Vietnam and China got into a boat-ramming incident in 2014 over the placement of a Chinese oil rig. Last year the two sides entered a standoff near Vanguard Bank, a South China Sea feature where Vietnam was looking for energy.

China cites historical records to back its claim to about 90% of the sea, which covers 3.5 million square kilometers rich in fossil fuel reserves and fisheries. It has alarmed Vietnam and five other Asian governments by sending ships and by landfilling islets for military use.

Vietnam’s resistance against China caught the attention of former U.S. President Barack Obama, who in 2016 lifted a post-Vietnam War embargo on sales of lethal arms to Hanoi. Vietnam aside, the U.S. regularly sends warships into the South China Sea on “freedom of navigation operations” to warn China, which Washington sees as a rival superpower.

Vietnam doesn’t want to get too close militarily, said Carl Thayer, emeritus professor at the University of New South Wales in Australia.

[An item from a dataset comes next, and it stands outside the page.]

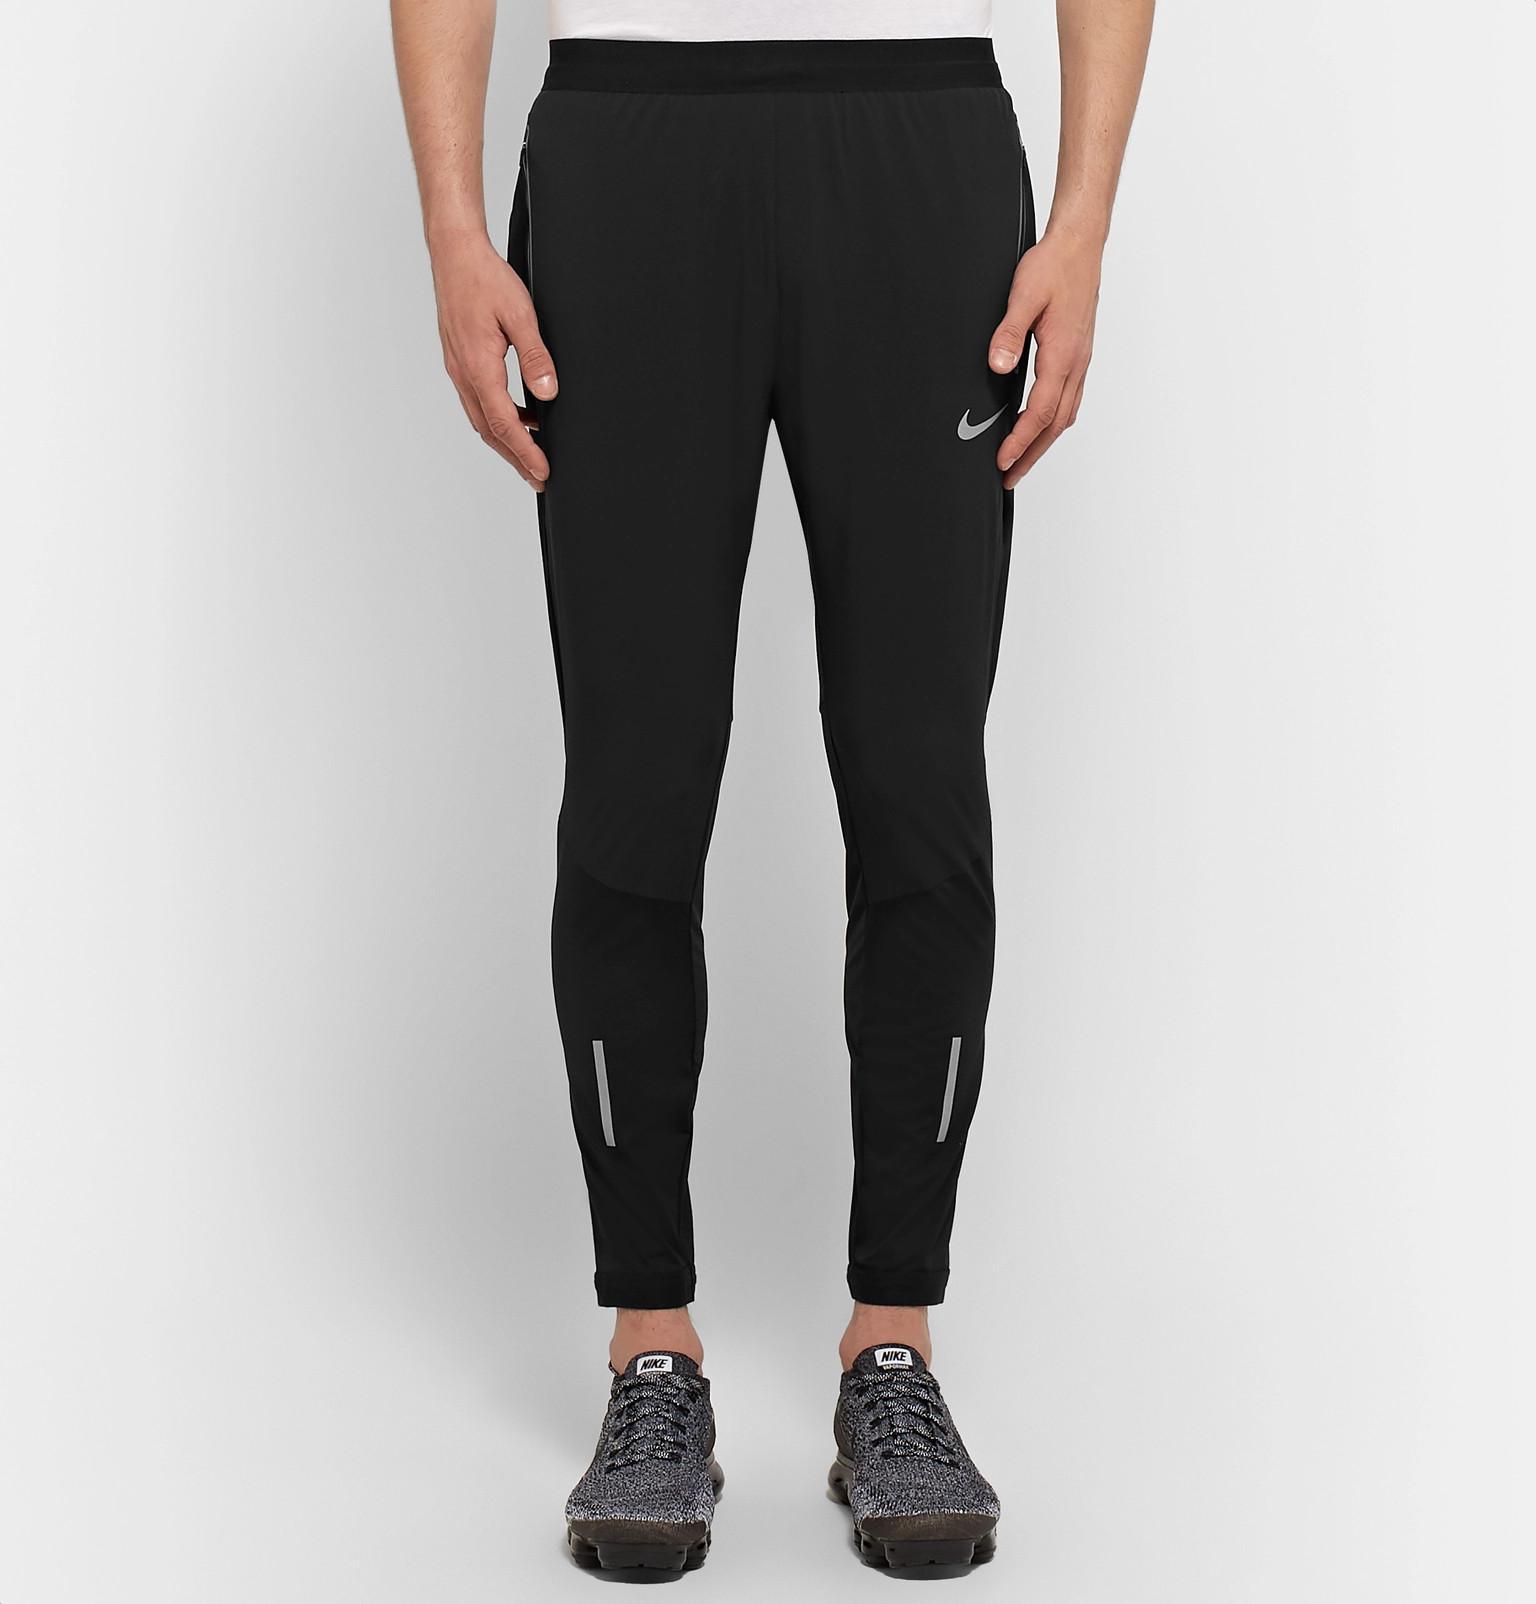 a968f358786d Lyst - Nike Swift Panelled Dri-fit Sweatpants in Black for Men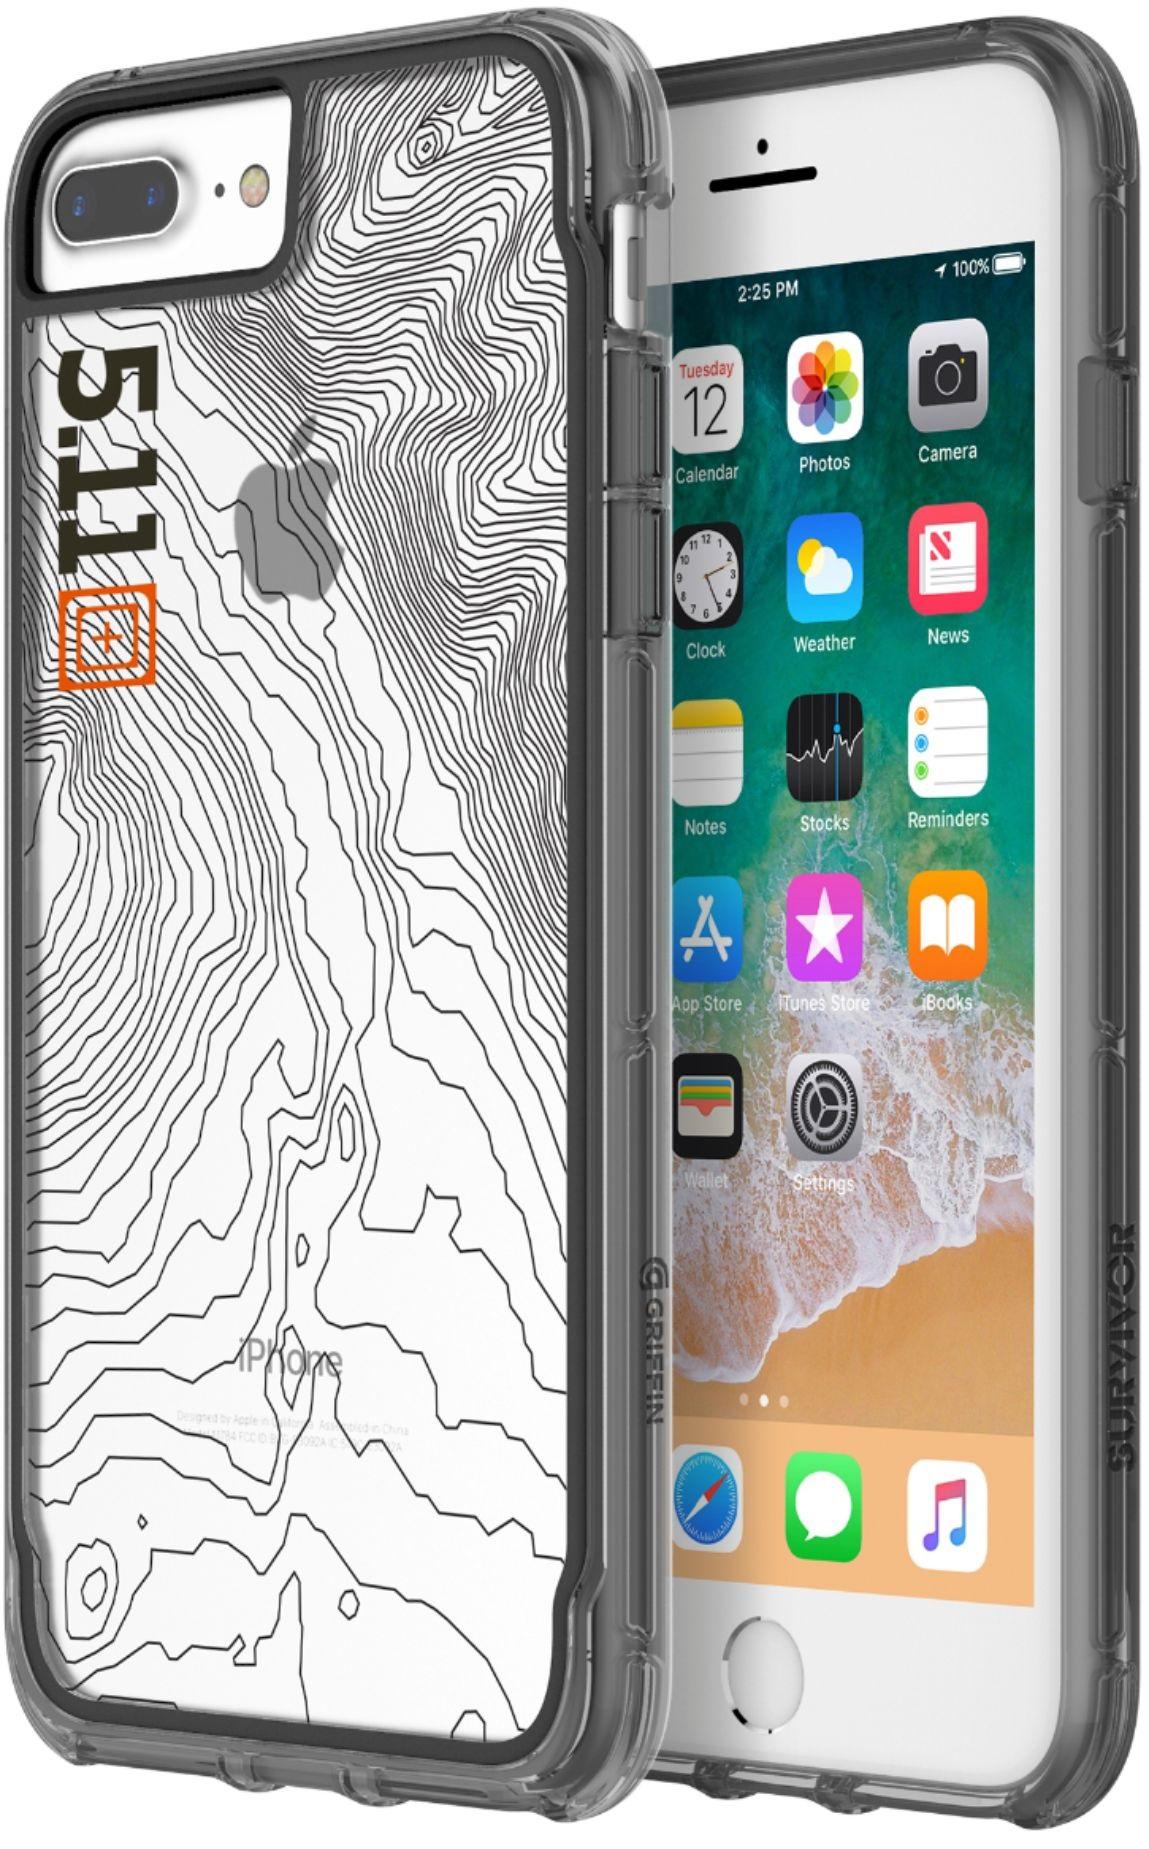 buy popular b8c26 ca0fc Details about Griffin Survivor 5.11 Protective Case for iPhone 8Plus/7Plus  - Clear/Black/Gray

Vietnamese media went low-key in covering the USS Theodore Roosevelt visit, Thayer said. Hanoi’s leaders are focused, he said, on a 7-year-old “comprehensive partnership” that covers cooperation beyond defense.

Vietnam trades briskly with China and keeps macro relations stable despite the maritime spats as part of a multicountry foreign policy. The Southeast Asian government has comprehensive strategic partnerships too with India and its old ally Russia.

Some conservatives in the Vietnamese government don’t want U.S. relations to grow “too fast,” Nguyen said.

Tougher on trade

The U.S. government’s Feb. 10 delisting of Vietnam as a “developing country” indicates a knottier bilateral trade relationship; the move gives Washington more clout to investigate whether Vietnamese export subsidies hurt U.S. industries.

Vietnam must now follow rules-of-origin guidelines on steel and footwear, business consultancy Dezan Shira & Associates says in a research note. U.S. officials, already nonplussed by a $47 billion bilateral trade deficit, worried last year about whether Chinese goods were being shipped through Vietnam to avoid U.S. tariffs.

Possibly to ease resentment in Washington, Vietnam agreed this week to buy $3 billion in American farm goods.

Vietnam’s lure of cheap labor has boosted export manufacturing over the past eight years. The country doesn’t need special treatment anymore, said Frederick Burke, partner with the law firm Baker McKenzie in Ho Chi Minh City.

“The benefits of moving up the ladder is that you no longer depend on handouts,” he said. “You have real investors deeming Vietnam to be one step better in terms of investment grade, so people will come here out of their own private sector motives, and it’s more of a natural thing instead of having to be on life support like some least-developed countries.”

However, Vietnam hopes never to become “vulnerable to U.S. pressure to open up politically,” King said.